Imaging diagnosis-magnetic resonance imaging pulsatility artifact in the canine cervical spine.

Journal:
Veterinary radiology & ultrasound : the official journal of the American College of Veterinary Radiology and the International Veterinary Radiology Association
Year:
2011
Authors:
Seiler, Gabriela S et al.
Affiliation:
Department of Molecular Biomedical Sciences · United States
Species:
dog

Abstract

Pulsatile venous flow in the internal vertebral venous plexus of the cervical spine can lead to vertical, linear T2-hyperintensities in the spinal cord at the cranial aspect of C3 and C4 in transverse T2-weighted images in large breed dogs that are not accompanied by ghosting.
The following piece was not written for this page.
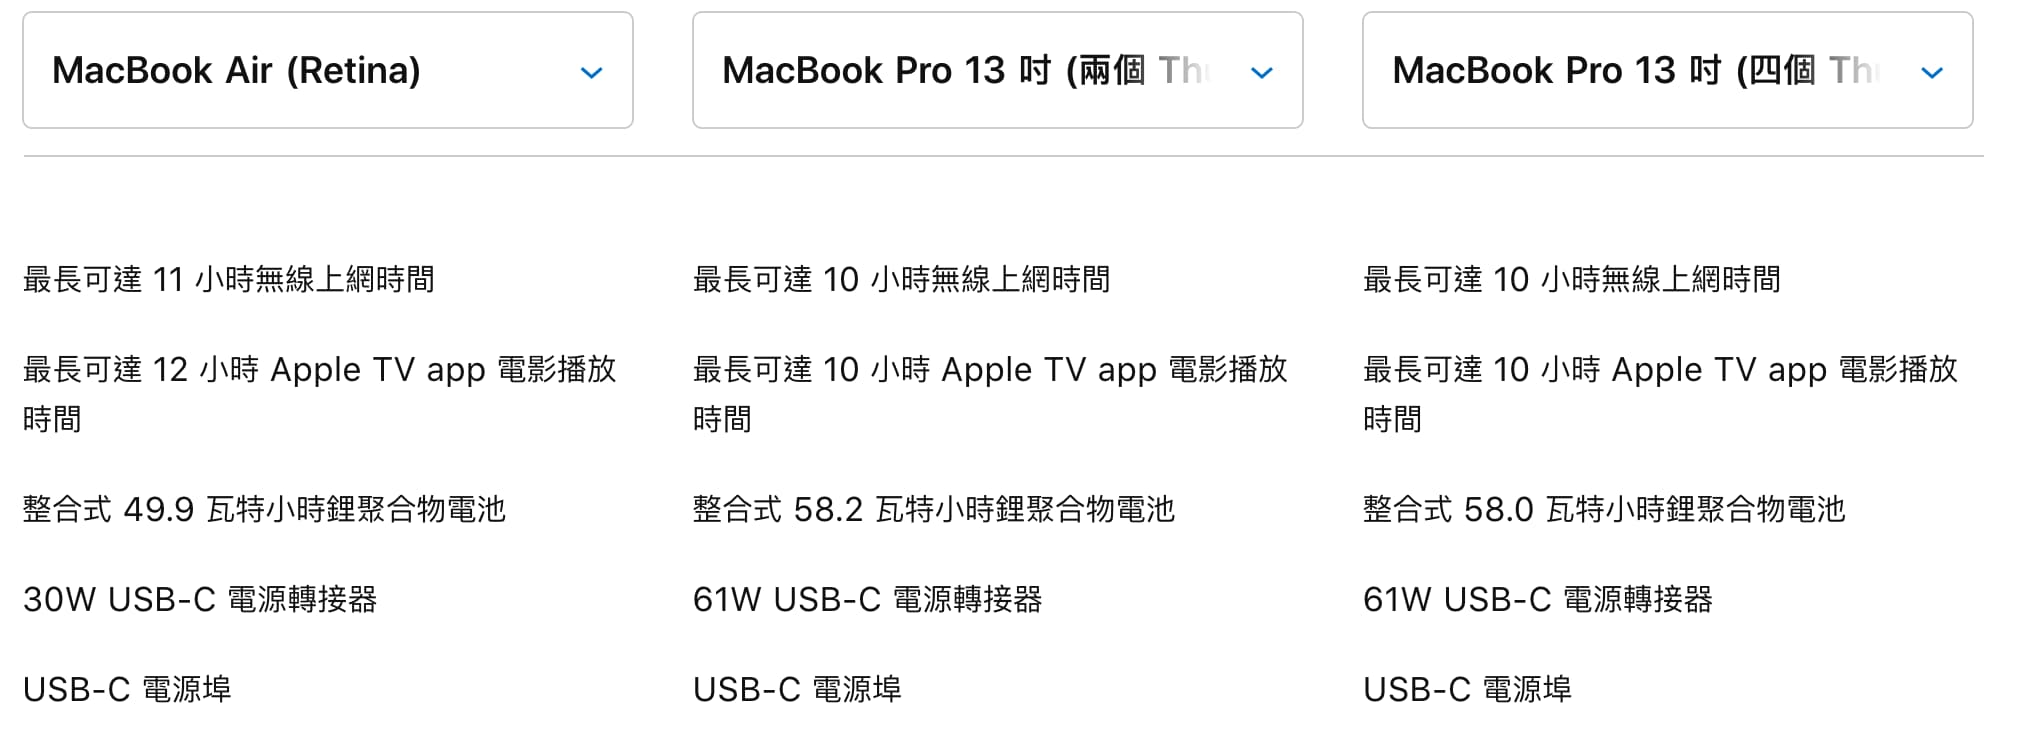 電池續航力差異 2020 MacBook Air vs. 2020 Macbook Pro 13吋(入門款) vs. 2020 Macbook Pro 13吋(進階款)

The artifact is more conspicuous in pre- and postcontrast transverse T1-weighted images and is accompanied by ghosting in that sequence, typical of a pulsatility artifact. A flow-related artifact was confirmed as the cause for this appearance by noting its absence after either exchange of phase and frequency encoding direction or by flow compensation. Care should be exercised to avoid misdiagnosing this pulsatility artifact seen in transverse T2-weighted images of the midcervical spine in large dogs as an intramedullary lesion when T1-images or phase-swap images are not available to confirm its artifactual origin.